Integration for Business & Investment Income of the Private Corporation (Part 1)
Concept of Integration
- Purpose is to prevent double taxation.
- Tax neutrality: No tax advantage or disadvantage among different business forms (corporation, sole proprietorship, partnership).
Scenarios of Taxation
- Scenario #1: Individual earns $10,000 term deposit interest.
- Files individual tax return, pays 40% tax, walks away with $6,000 after taxes.
- Scenario #2: Buys shares in a CCPC (Canadian Controlled Private Corporation) with $10,000 interest.
- Pays corporate tax (lower due to SBD) and dividend tax, walking away with $6,000 after taxes.
- Scenario #3: Buys shares in a public company with $10,000 interest.
- Pays higher corporate tax and dividend tax, still walking away with $6,000 after taxes.
Advantages of Incorporation vs. Individual Investment
- By investing via a corporation, tax can be deferred compared to an individual paying taxes immediately on interest.
- CCPCs benefit from lower tax rates and small business deductions, enabling reinvestment.
General Rate Income Pool (GRIP)
- Dividends from GRIP are "Eligible Dividends" and subject to 38% gross up.
- Assumed all income from public corporations is part of this pool.
- CCPCs can designate eligible dividends up to their GRIP balance.
GRIP Balance Calculation
- Add: GRIP balance at previous year-end, after-tax earnings not benefiting from SBD, eligible dividends received.
- Subtract: Eligible dividends paid.
Low-Rate Income Pool (LRIP)
- Represents income taxed at a lower corporate rate (13.8%) and under specific conditions for CCPCs.
- Includes non-eligible dividends subject to a 15% gross up.
LRIP Balance Calculation
- Add: Previous LRIP balance, after-tax earnings eligible for SBD, non-eligible dividends received.
- Subtract: Non-eligible dividends paid.
- Small Business Deduction (SBD): Reduces corporate tax rate for active business income.
- Refundable Part I Tax: Incentive measures for businesses.
- Dividend Refund: Facilitates redistribution of income to shareholders.
Small Business Deduction (SBD)
- Rate: 19% of first $500,000 of active business income for CCPCs.
- Net federal tax implications of SBD: Basic rate subject to federal and provincial abatement, estimation based on thresholds.
- Eligibility: Required to maintain CCPC status throughout the year; limited based on associated corporations' income.
Deeming Rules [ss.129(6)]
- Prevent income manipulation to obtain advantages from SBD by reclassifying rental income as active if connected with ABI.

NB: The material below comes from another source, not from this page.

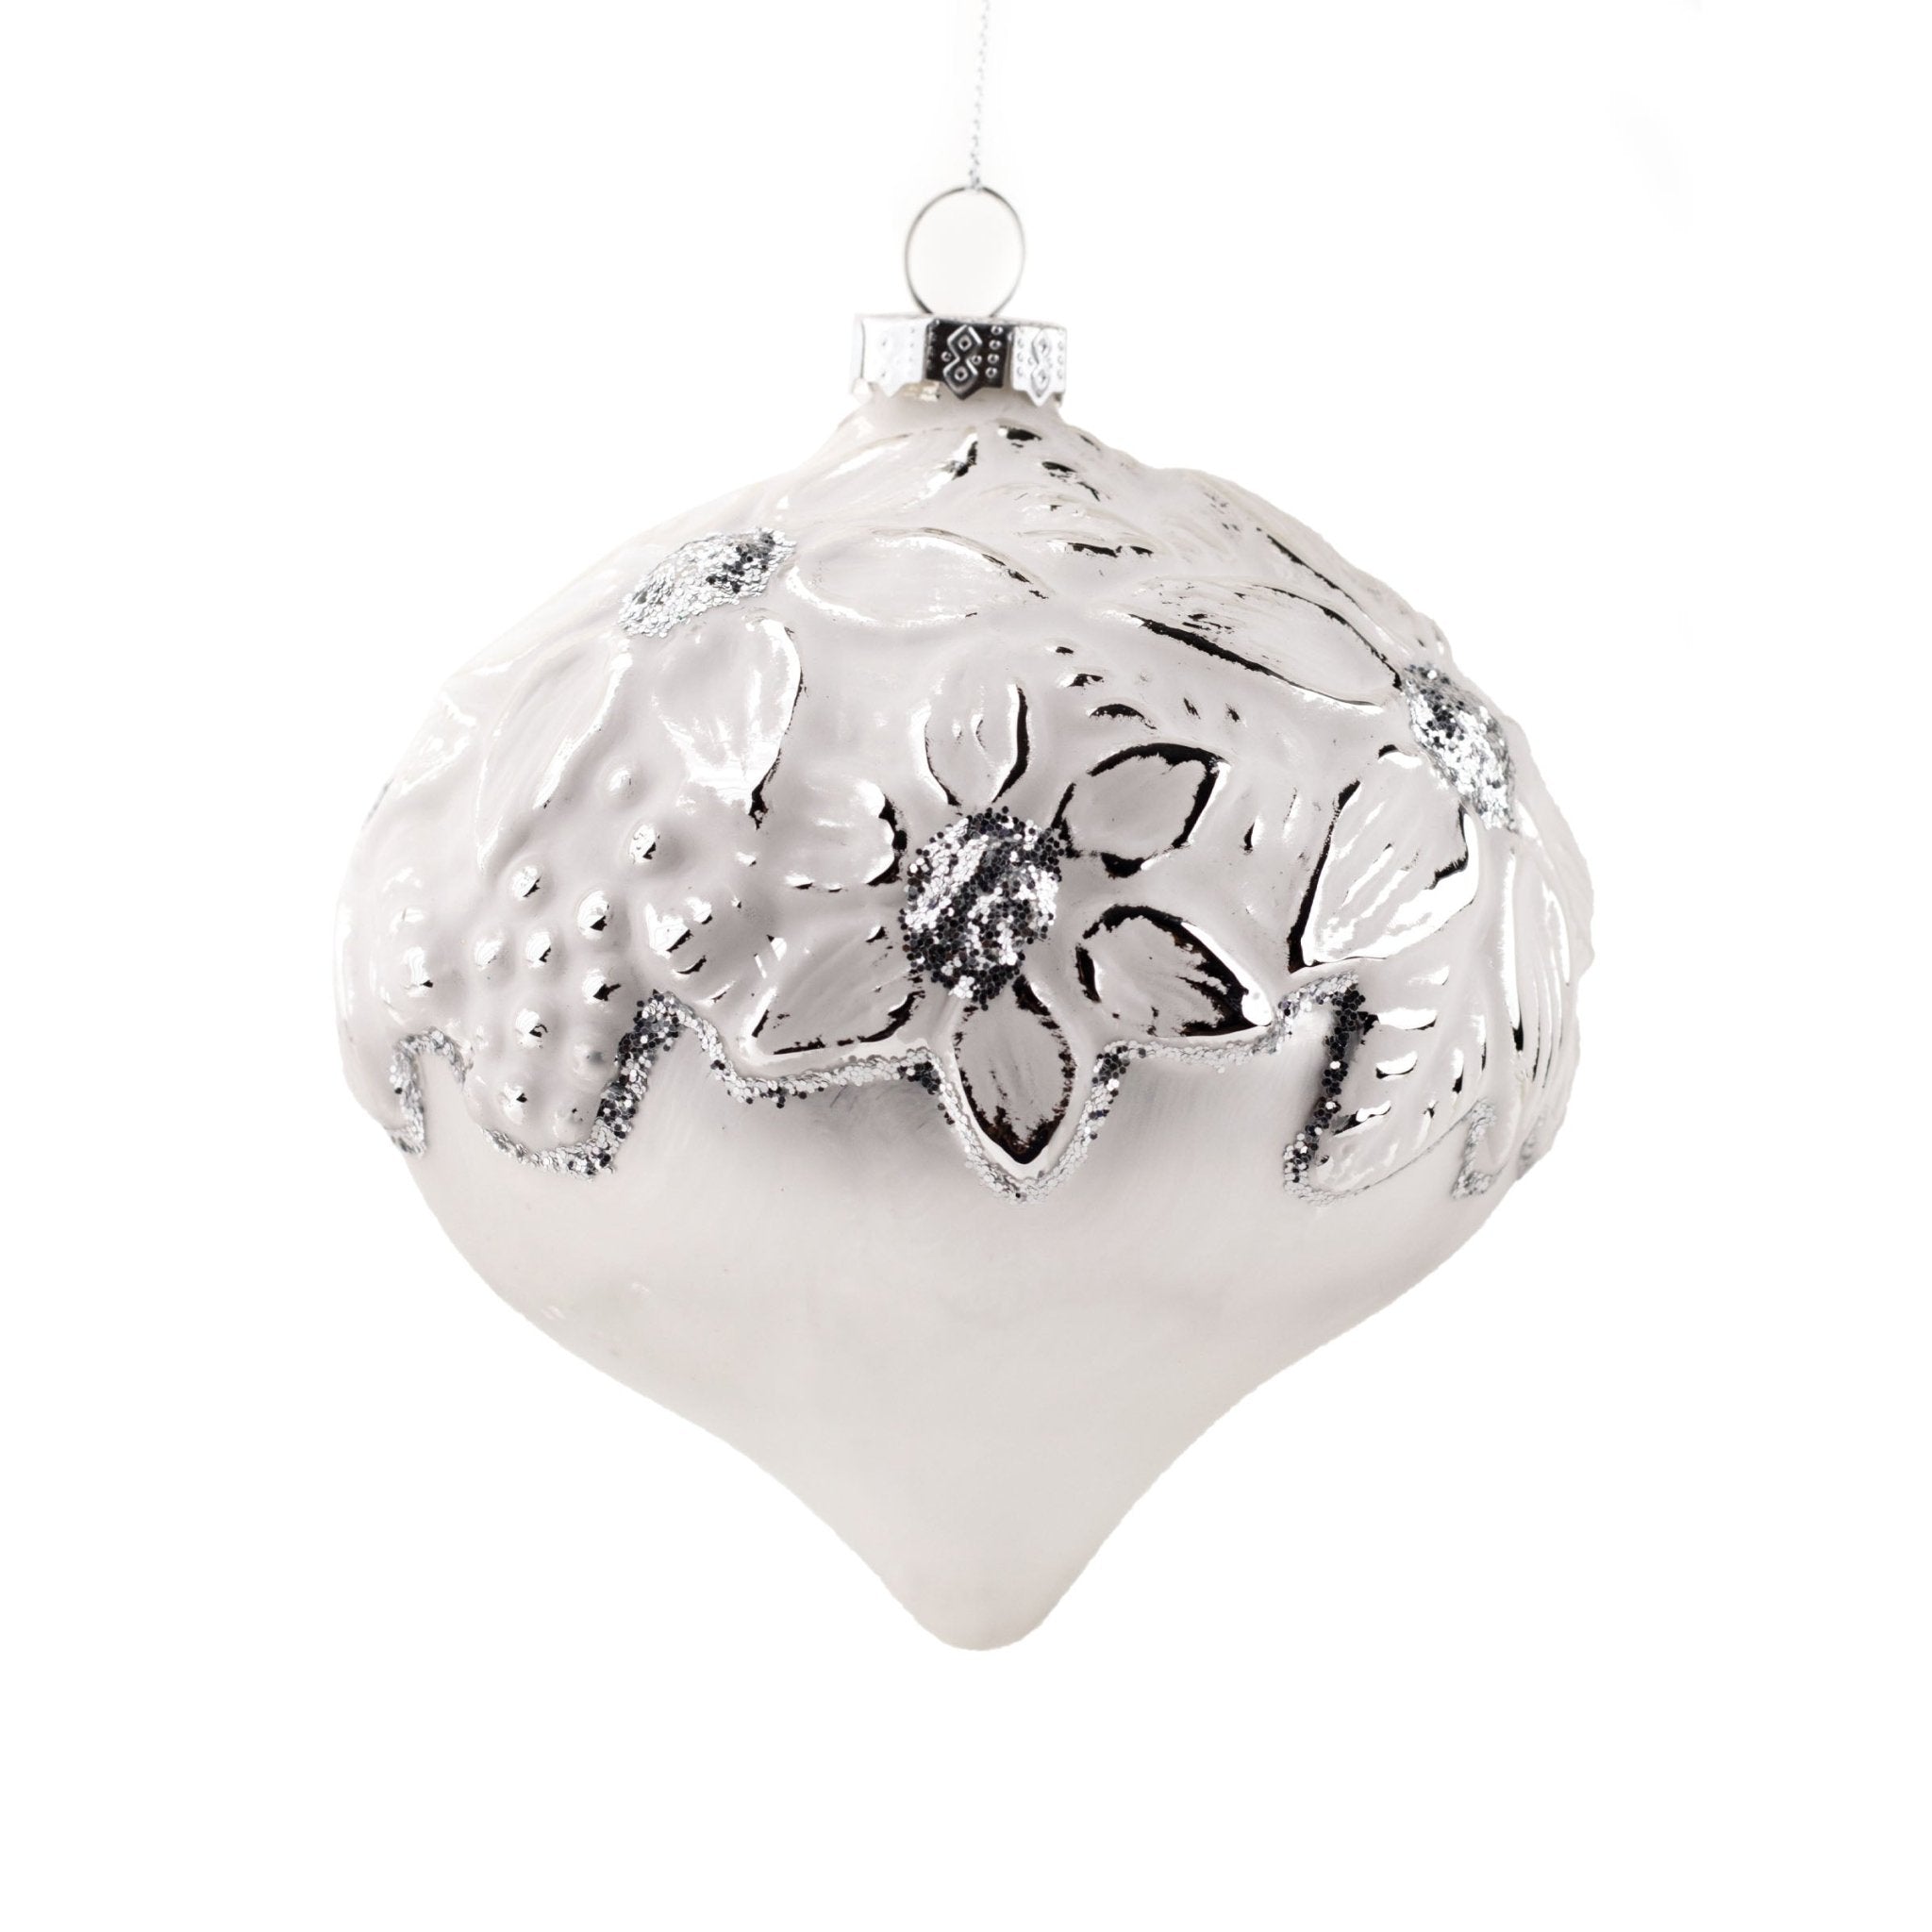 10cm White Flower Onion Glass Ornament OGS025 - MODA FLORA Santa's Workshop

- Existence of specified investment or personal services business results in ineligibility for SBD.
Calculation and Reduction of SBD
- SBD directly influences taxable income and business limits.
- Reduction formulas based on taxable capital exceeding $10M and Adjusted Aggregate Investment Income (AAII).
- Example illustrating different reductions using applicable formulas.
Definitions of Income Types
- Active Business Income (ABI): Any income from business except SIB and PSB.
- Specified Investment Business (SIB): Business primarily for deriving income from property with minimum full-time employees.
- Personal Services Business (PSB): Income earned providing services similar to an employee's position.
Ancillary Income
- Income from minimal non-business activities may be classified as part of active business income under certain conditions (interest from short-term investments).
Association Rules
- Focus on preventing multiple SBD claims through associated corporations.
- Definitions of related parties and control lack regularity, emphasizing shares and influence.
Associated Corporations Criteria
- Relationship through shared control, ownership, or combined interests resulting in association.
Control Types
- Direct Control: >50% ownership leading to legal control.
- Indirect Control: Influence through shareholding despite possessing less than 50%.
Look Through Rules
- Provides clarity on indirect ownership structure influencing control and association.
Incorporation Advantages & Disadvantages
Advantages:
- Tax deferral, income splitting, estate planning, limited liability, potential access to financing.
Disadvantages:
- Higher taxes at times, initial tax prepayment, and increased legal/accounting costs.